How to use this calculator
- Enter the vector and insert fragment sizes in base pairs.
- Set the vector DNA mass you want to use in one ligation.
- Provide stock concentrations for vector and insert DNA.
- Choose the desired insert:vector molar ratio, such as 3:1.
- Enter reaction volume, buffer, ligase, and any extra reagent volume.
- Set replicate count and pipetting overage if preparing a master mix.
- Submit the form to view required insert mass, pmoles, component volumes, and master mix totals.
- Use the CSV or PDF buttons to export a record for lab planning.
FAQs
1) What does a ligation ratio mean?
A ligation ratio expresses the molar relationship between insert molecules and vector molecules. A 3:1 ratio means three insert molecules are targeted for every one vector molecule in the reaction.
2) Why is molar ratio better than mass ratio?
Fragments with different lengths have different molecular counts at the same mass. Molar ratio corrects for length, so the reaction is balanced by molecule number instead of raw nanograms.

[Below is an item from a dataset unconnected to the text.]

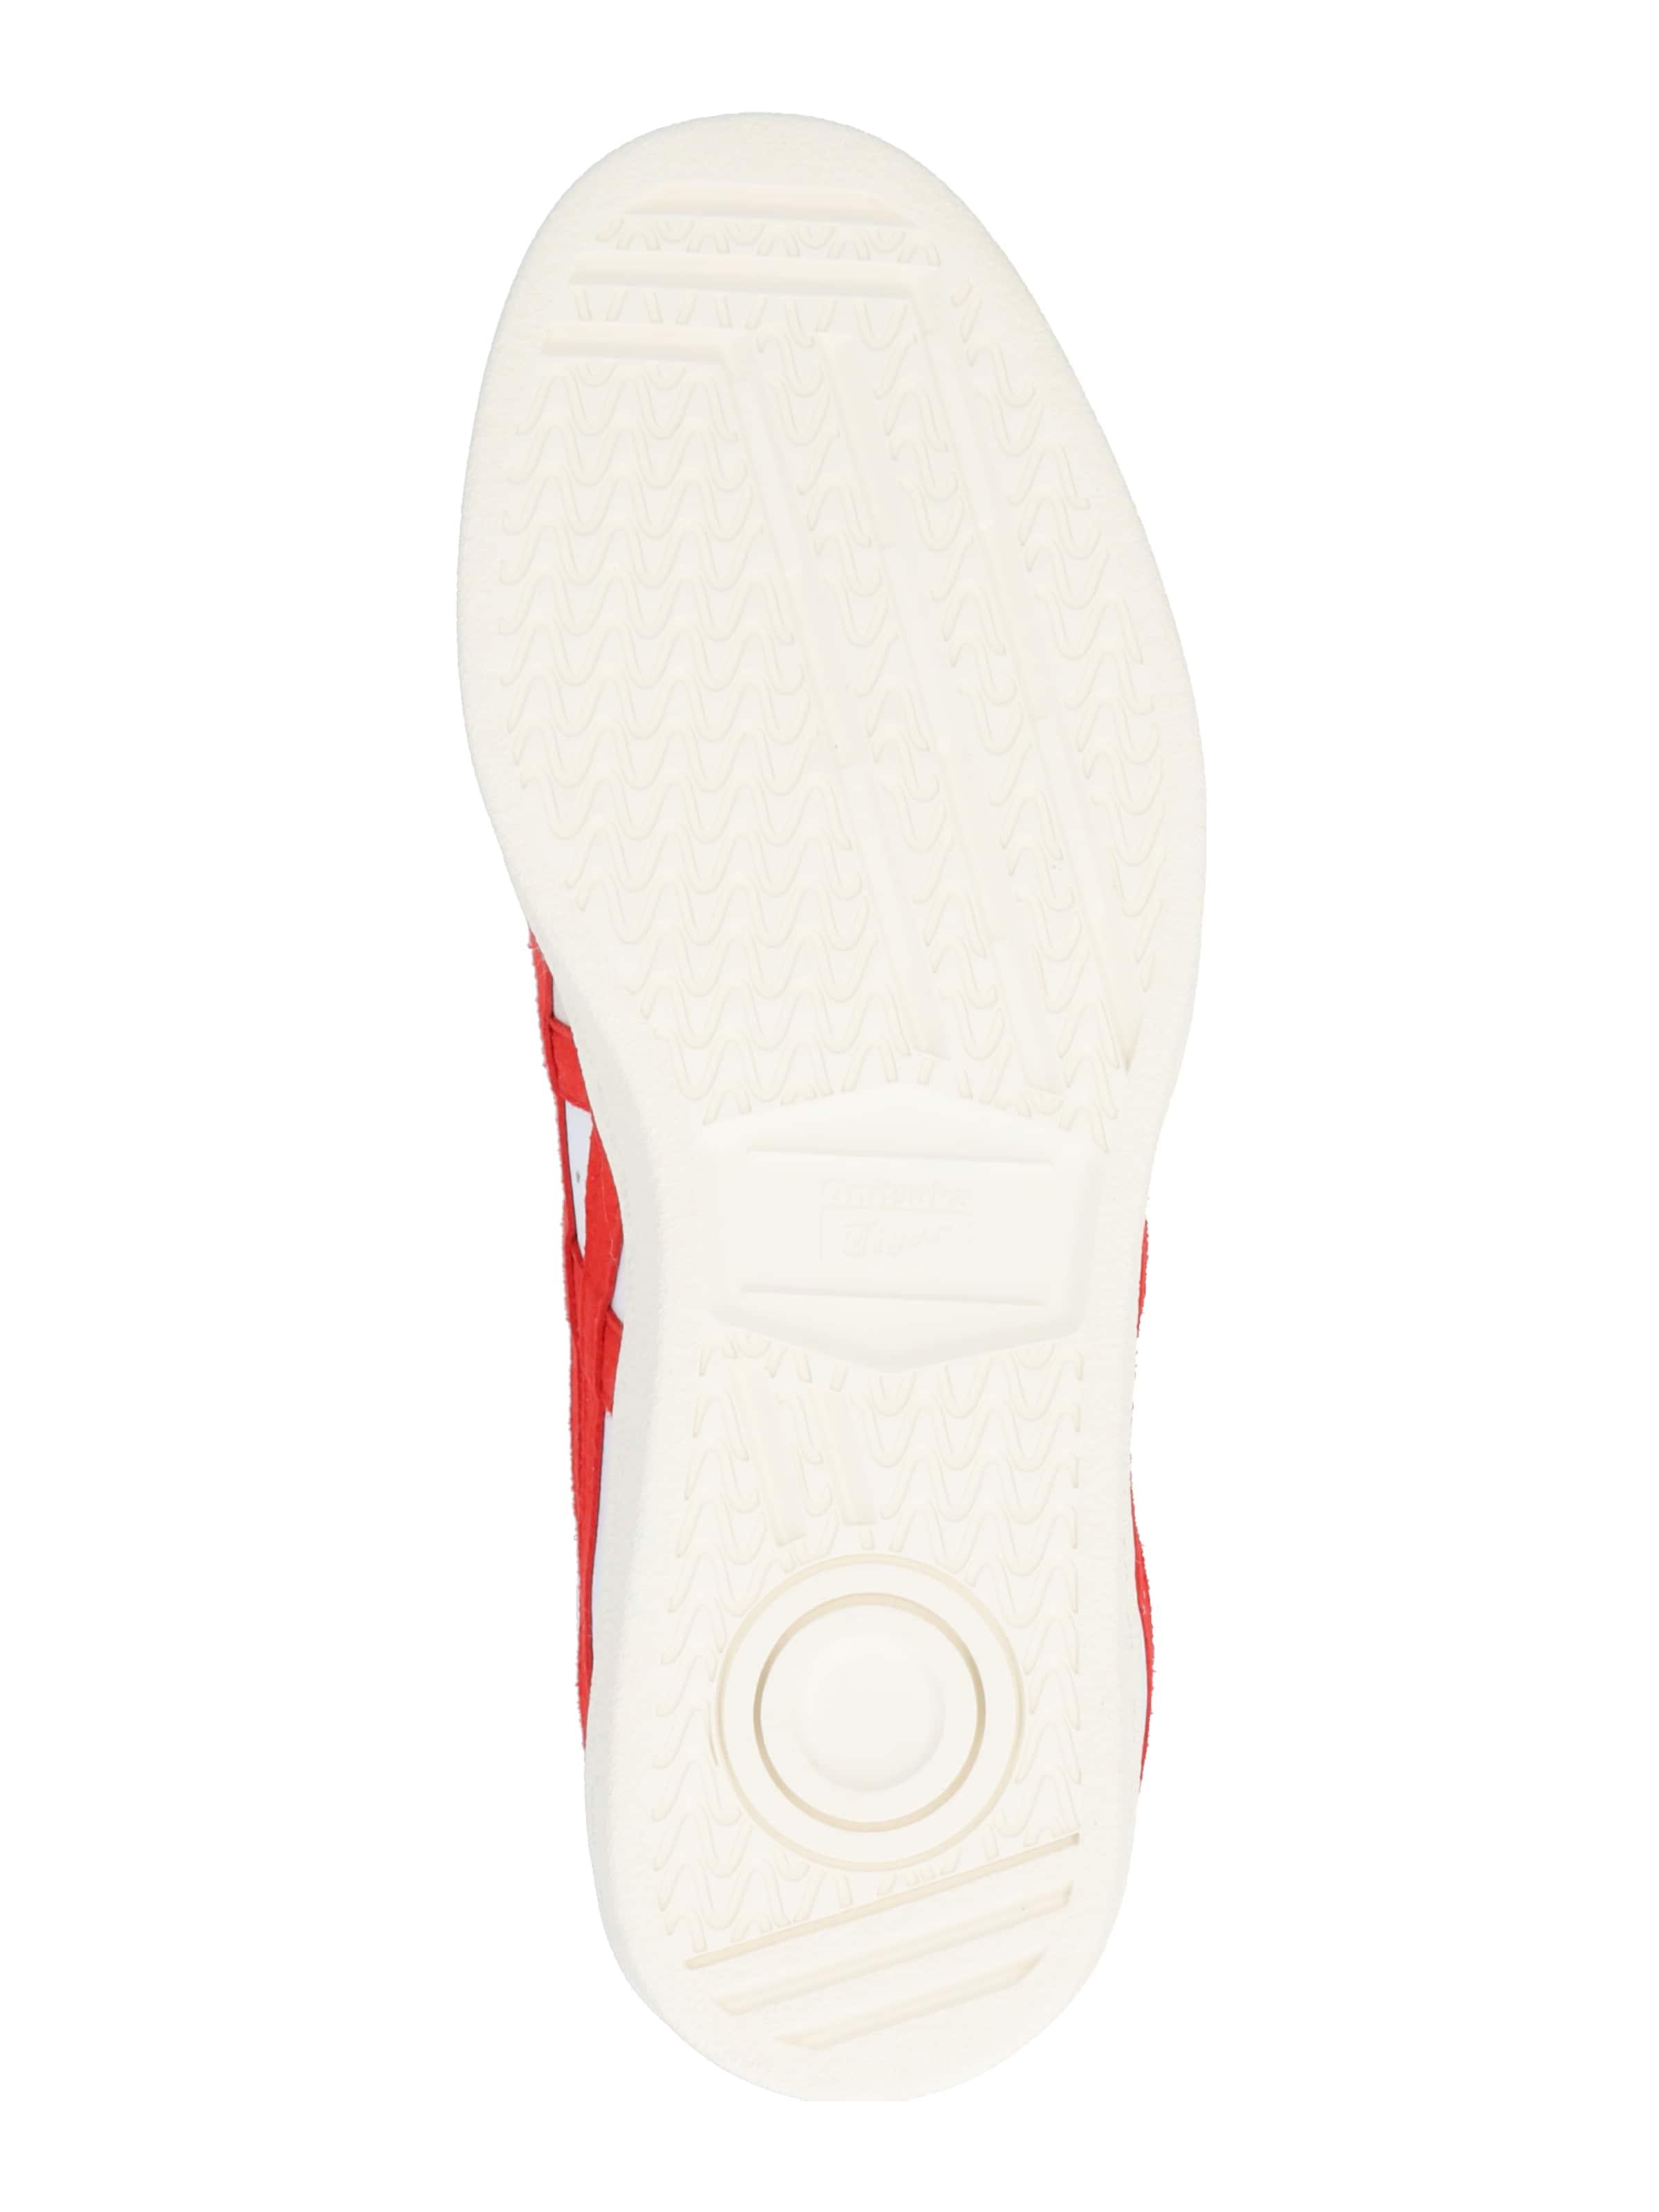 Onitsuka Tiger Rövid szárú edzőcipők 'GSM' bézs / piros / fehér színben

3) What ratio should I start with?
A 3:1 insert:vector ratio is a common starting point for routine cloning. Larger inserts, blunt ends, or low-efficiency systems may need optimization across several ratios.
4) Does this calculator account for sticky or blunt ends?
No. It estimates stoichiometry only. Sticky ends, blunt ends, compatible overhangs, and phosphorylation state can change ligation efficiency even when the molar ratio is correct.
5) Why is my water volume negative?
A negative water value means the combined DNA and reagent volumes exceed the final reaction volume. Increase the total volume or use more concentrated DNA stocks.
6) Can I use this for master mix planning?
Yes. Enter the number of replicate reactions and an overage percentage. The calculator scales all reagent amounts so you can prepare one larger mix with pipetting allowance.
7) Why does insert concentration matter?
Concentration affects the pipetting volume needed to deliver the required insert mass. Low-concentration inserts can consume too much reaction volume and reduce setup flexibility.
8) Is the molecular weight conversion exact?
No. The calculator uses standard average molecular weight approximations. They are suitable for planning ligations, but exact molecule mass can vary slightly with sequence composition and modifications.